In Keras, you can introduce dropout in a model via the Dropout
layer, which is applied to the output of the layer right before it. Let’s add two Dropout
layers in the IMDB model to see how well they do at reducing overfitting.
# Listing 5.15 Adding dropout to the IMDB model
model = keras.Sequential([
layers.Dense(16, activation='relu'),
layers.Dropout(0.5),
layers.Dense(16, activation='relu'),
layers.Dropout(0.5),
layers.Dense(1, activation='sigmoid')
])
model.compile(optimizer='rmsprop',
loss='binary_crossentropy',
metrics=['accuracy'])
history_dropout = model.fit(train_data, train_labels,
epochs=20,
batch_size=512,
validation_split=0.4)
Next figure shows a plot of the results. This is a clear improvement over the reference model - it also seems to be working much better than the L2-regularized model, since the lowest validation loss reached has improved.
To recap, these are the most common ways to maximize generalization and prevent overfitting in neural networks:
- Get more training data, or better training data.
- Develop better features.
- Reduce the capacity of the model.
- Add weight regularization (for smaller models).
- Add dropout.
SUMMARY
- The purpose of a machine learning model is to generalize : to perform accurately on never-before-seen inputs.
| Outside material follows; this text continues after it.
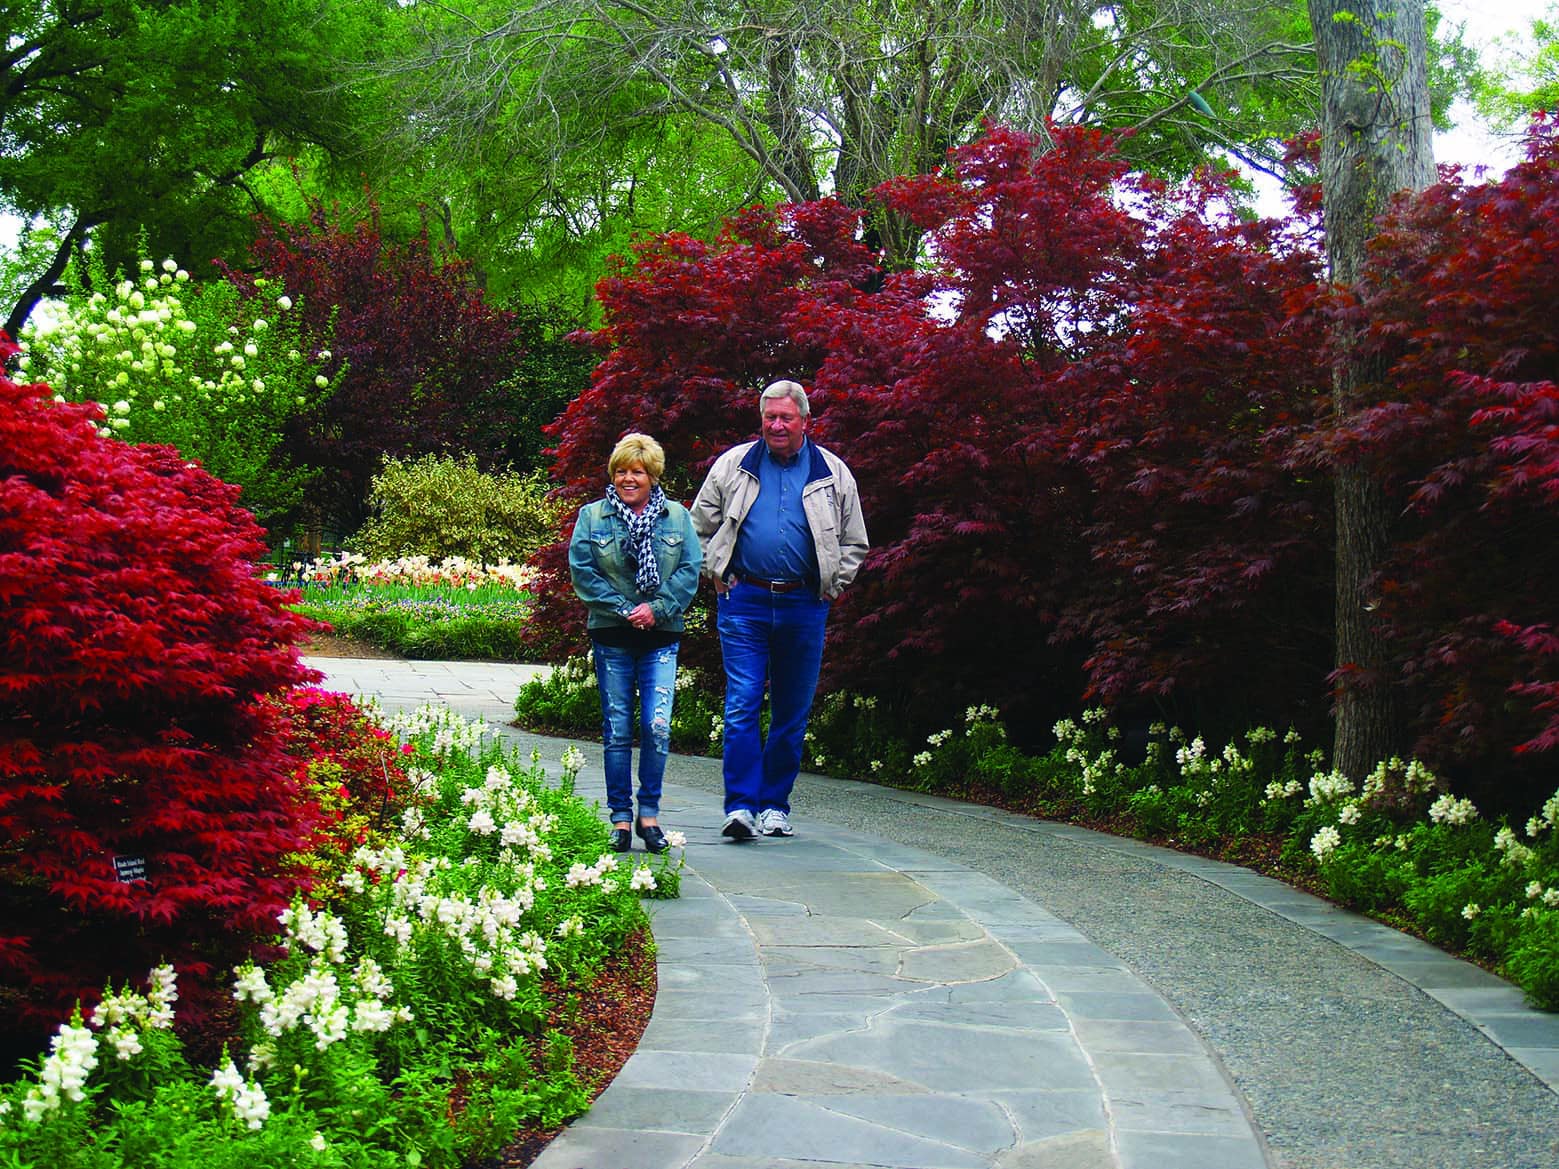 get your groove on at dallas arboretum and botanical gardens - focus

It’s harder than it seems.
- A deep neural network achieves generalization by learning a parameteric model that can successfully interpolate between training samples - such a model can be said to have learned the latent manifold of the training data.
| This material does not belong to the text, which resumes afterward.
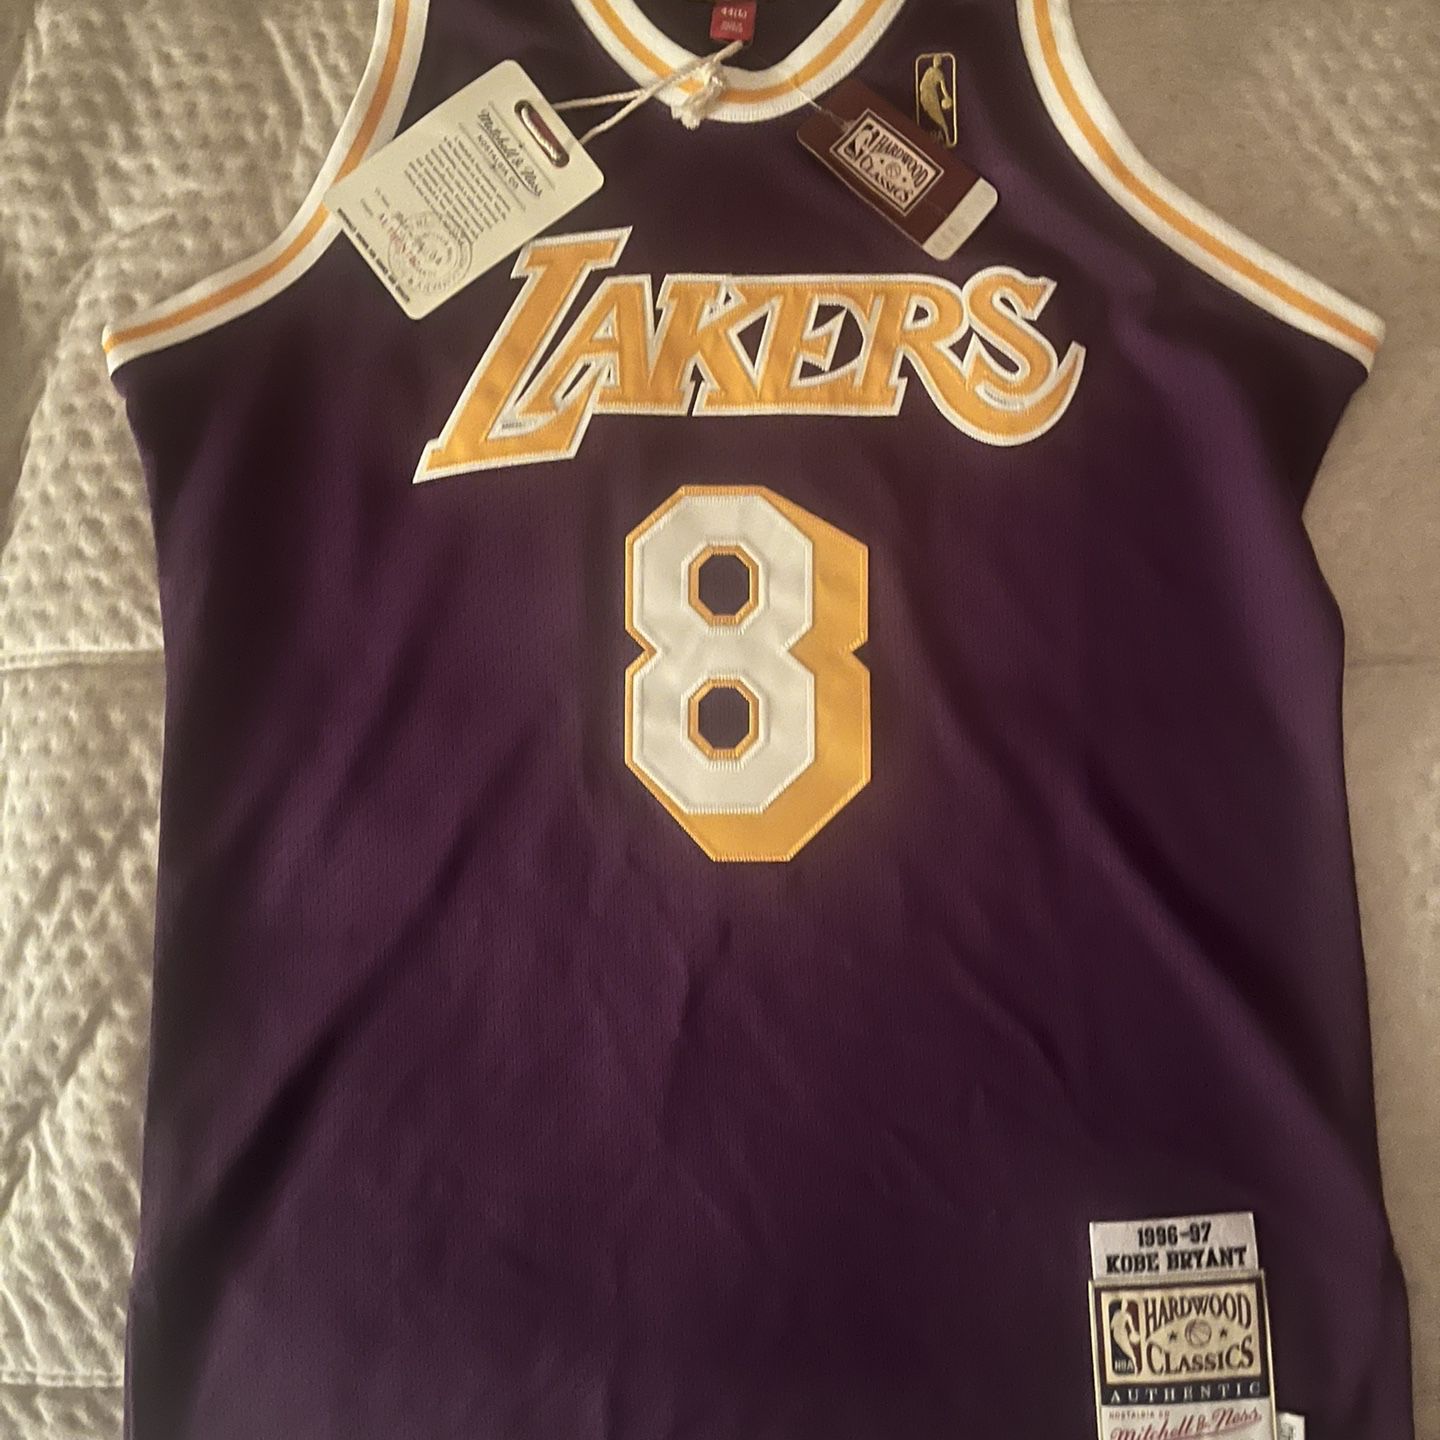 Authentic Kobe Bryant Lakers Jersey No. 8 Mitchell & Ness for Sale in  Phoenix, AZ - OfferUp

- The fundamental problem in machine learning is the tension between optimization and generalization. To attain generalization, you must first achieve a good git to the training data, but improving your model’s fit to the training data will inevitably start hurting generalization after a while. Every single deep learning best practice deals with managing the tension.
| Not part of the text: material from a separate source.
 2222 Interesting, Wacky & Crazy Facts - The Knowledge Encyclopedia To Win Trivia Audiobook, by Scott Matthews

- The ability of deep learning models to generalize comes from the fact that they manage to learn to approximate the latent manifold of their data, and can thus make sense of new inputs via interpolation.
- It’s essential to be able to accurately evaluate the generalization power of your model while you are developing it. You have at your disposal an array of evaluation methods, from simple hold-out validation to K-fold cross-validation to iterated K-fold validation with shuffling. Remember to always keep a completely separate test set for final model evaluation, since information leaks from your validation data to your model may have occurred.
- When you start working on a model, your goal is to first achieve a model that has some generalization power and that can overfit. Best practices for doing this include tuning your learning rate and batch size, leveraging better architecture priors, and increasing model capacity or simply training for more epochs.
- As your model starts overfitting, your goal switches to improving generalization through model regularization. You can reduce model’s capacity, add dropout or weight regularization, and use early stopping. And naturally, a larger or better dataset is always the number one way to help a model generalize.